◆ EXERCISE PROMPT
These records contain pictures, which must be left out; copy exactly the lines from the one with "Paul Felder Reveals" up to and including the one with "Chicago Plus Size".

◆ DATASET EXTRACT
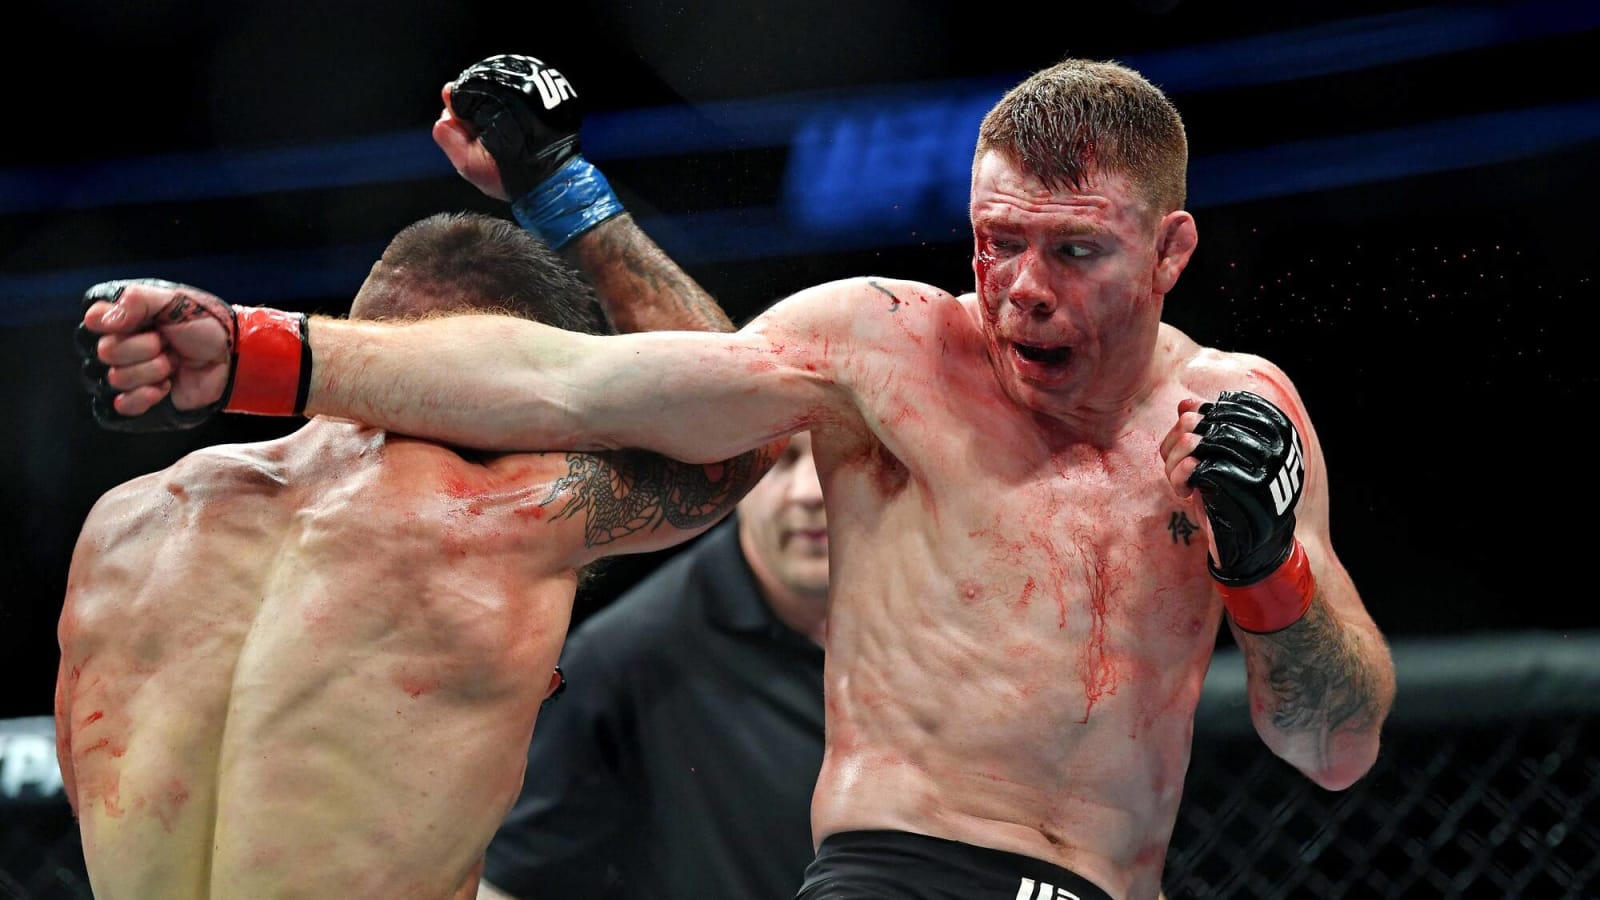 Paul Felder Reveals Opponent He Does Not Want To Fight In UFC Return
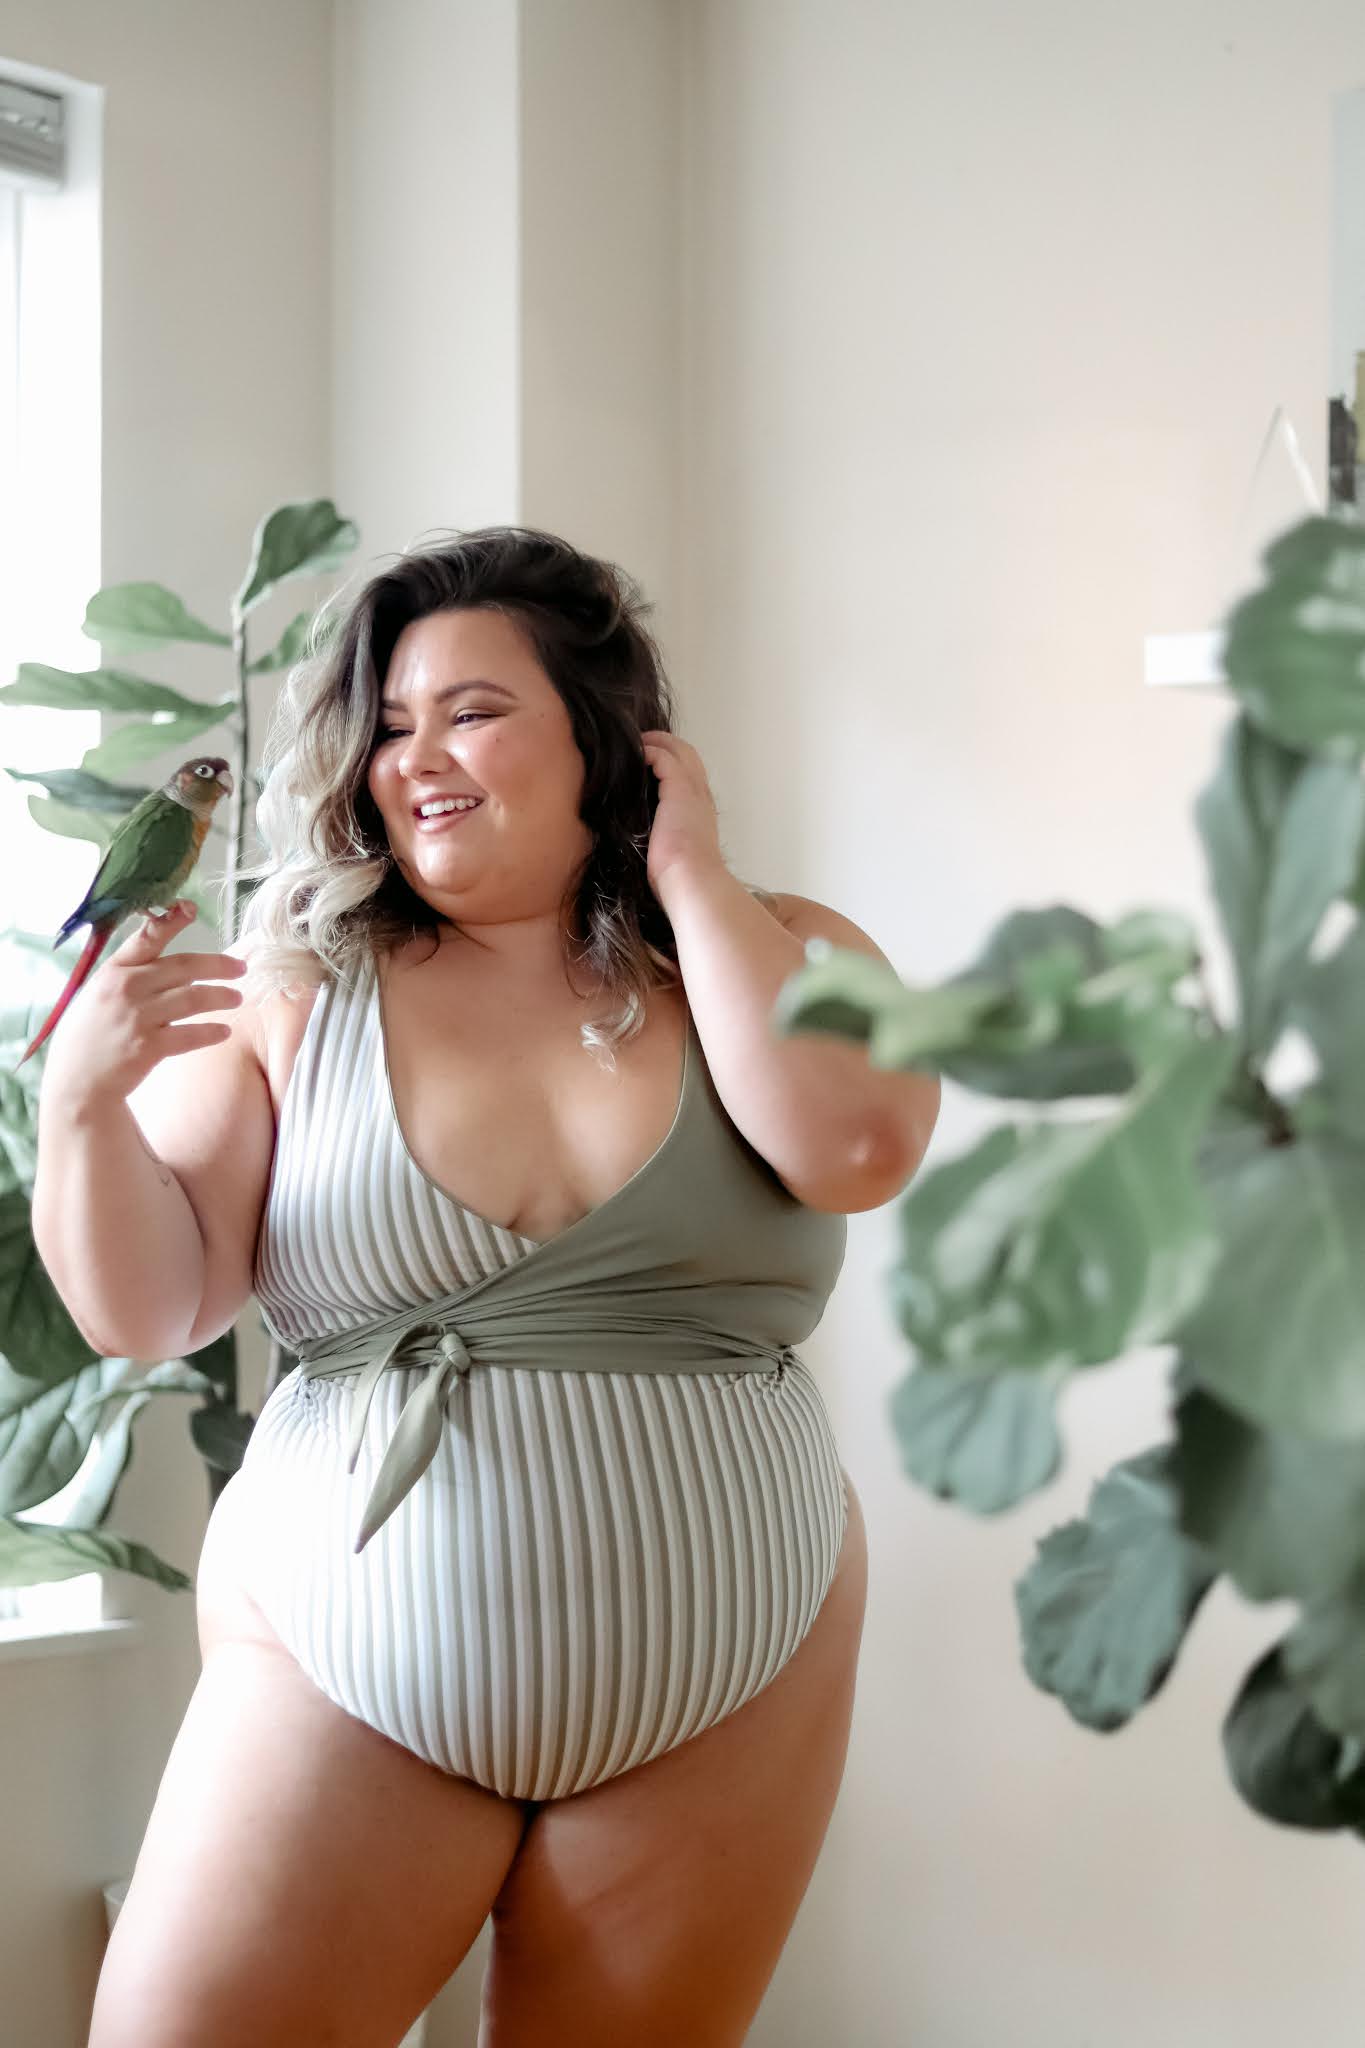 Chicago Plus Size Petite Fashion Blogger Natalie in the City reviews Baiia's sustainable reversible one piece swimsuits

==

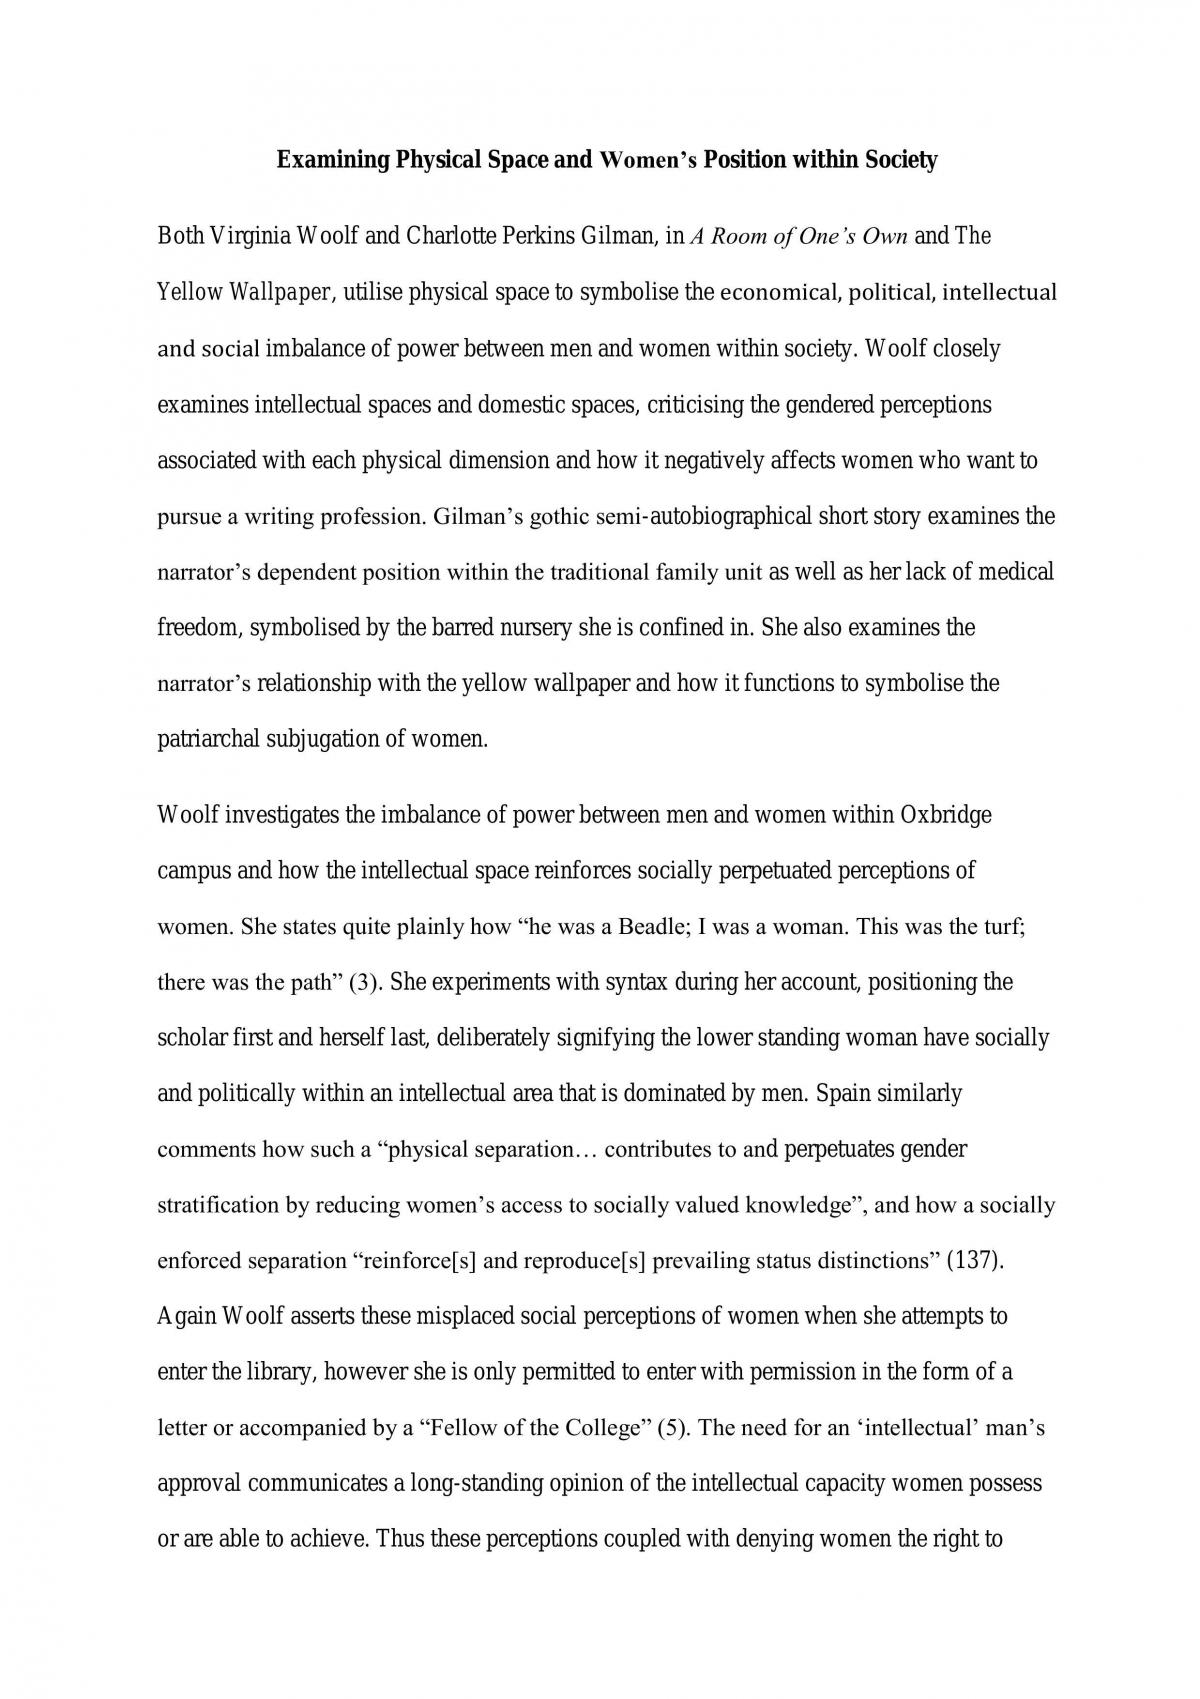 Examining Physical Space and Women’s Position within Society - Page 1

◆ OUTPUT OF THE TASK
 Paul Felder Reveals Opponent He Does Not Want To Fight In UFC Return
 Chicago Plus Size Petite Fashion Blogger Natalie in the City reviews Baiia's sustainable reversible one piece swimsuits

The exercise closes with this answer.